By Mitch Holt, Opinion Editor
Don’t Believe the Hype
During my two years at this university, I’ve sat through many a Chapel in which I was either sleeping, doing homework or unhappy with what was being said.
Many students, myself included, have often seen Chapel as a time simply to see friends that they don’t see regularly or to catch up on schoolwork. As I experience more and more Chapels and get to know those who participate in Chapel, I realize that the reason for my discontentment with Chapel isn’t fully the institution’s fault. It isn’t the fault of the Chapel coordinator or the song leader or the freshman behind you who can’t sing.
As I reflected a bit further into this ever-present concept of Chapel, the instances in which Chapel did affect me began reappearing in my forgetful mind. Damon Parker’s talk last year on money idolatry and the importance of living modestly was one of the first to reappear. Many heavily criticized his talk and deemed it inappropriate but was something that I think everyone needed to hear. His talk may have lacked a bit of tact, but I thought his message to be completely appropriate, well-timed and accurate.
Another great Chapel speech was spoken by Dr. Jerry Taylor from the College of Biblical Studies, also in 2004. His picturesque delivery of his thoughts on how religion, spirituality and Christianity have become too politicized hit home with me.

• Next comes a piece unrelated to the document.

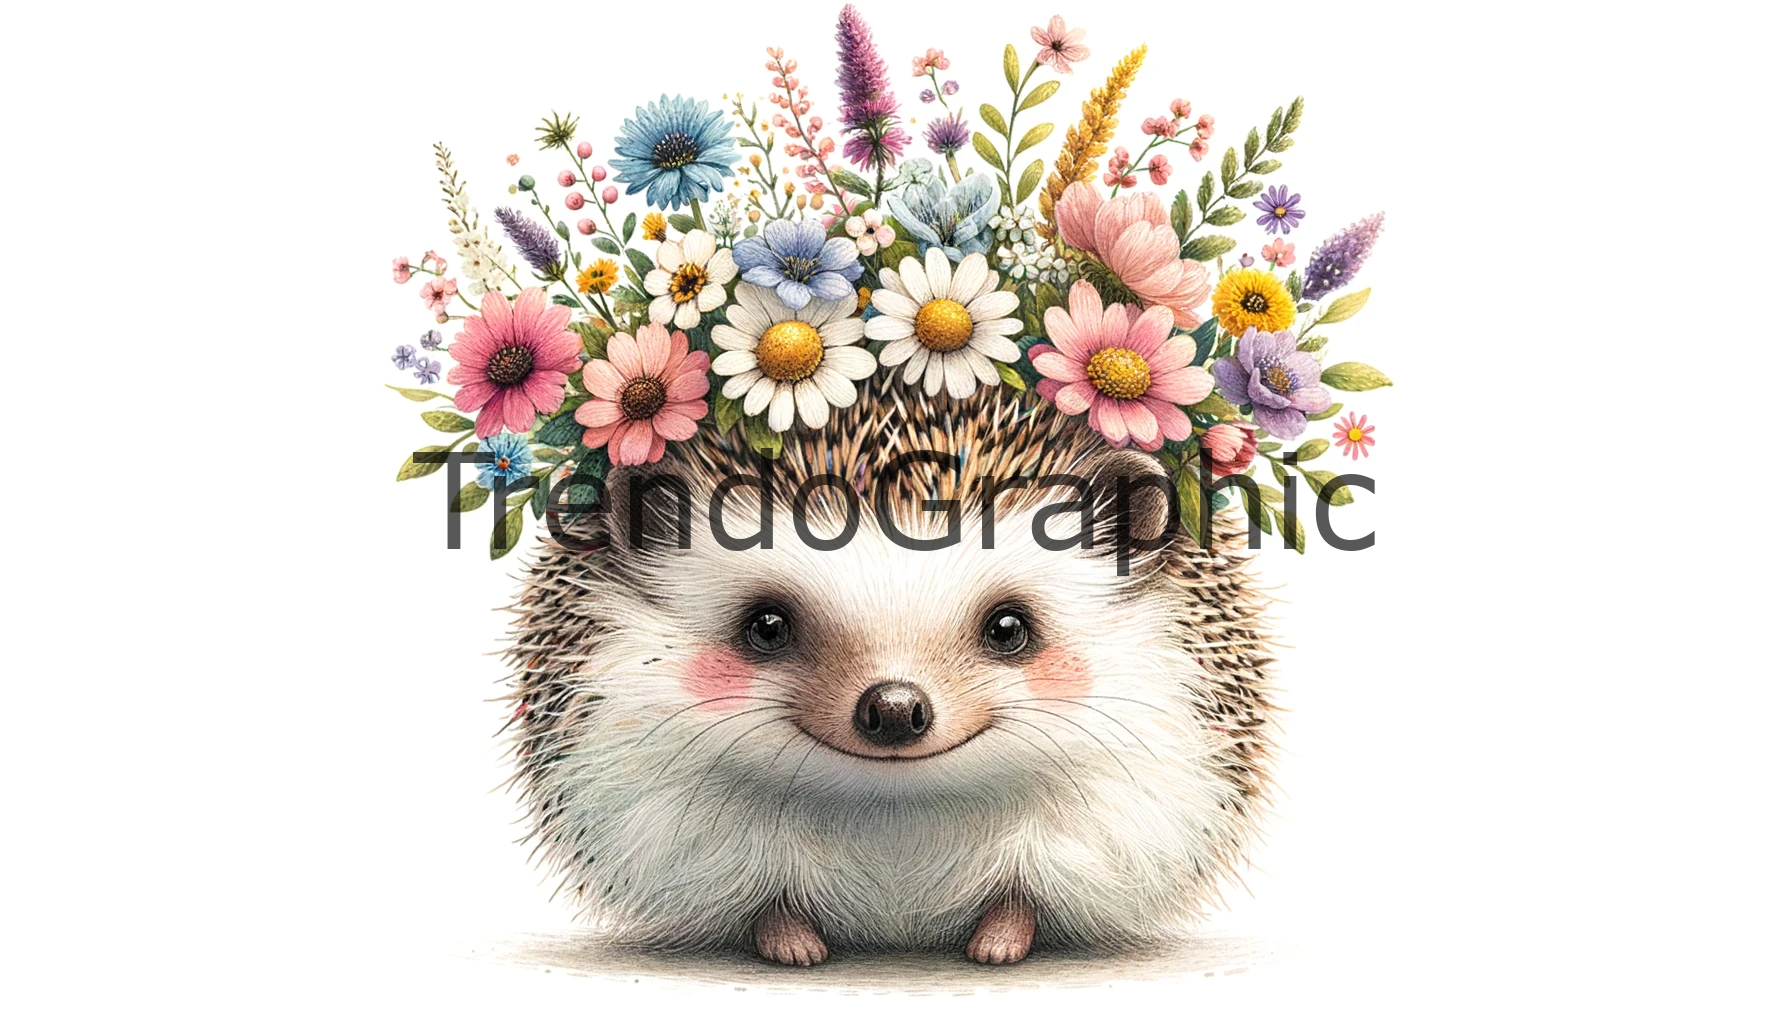 Enchanting Hedgehog Adorned with a Flower Crown

These are just two of the several Chapels assemblies that stick out in my mind. My first reaction when reflecting on this daily activity is to criticize it because of all of the boredom and inconvenience it has caused me in the past; however, if I think a bit harder, I realize how much good it has done in my life through speakers like Taylor or Parker.
The university goes out on a limb when asking speakers to discuss controversial issues that might offend a considerable number of people, but what matters is that they do it anyway because they feel like these things need to be heard. I believe that those with a voice at the university do a solid job portraying what they see as truth and, even if you don’t agree with their “truths,” much respect and attention is due these bold individuals.
In this new school year, many boring Chapels will take place—guaranteed. However, somewhere in the mix, you will hear some truly heartfelt, brutally honest and against-the-grain ideas presented that you won’t want to miss.
Remember, Chapel is what you make it.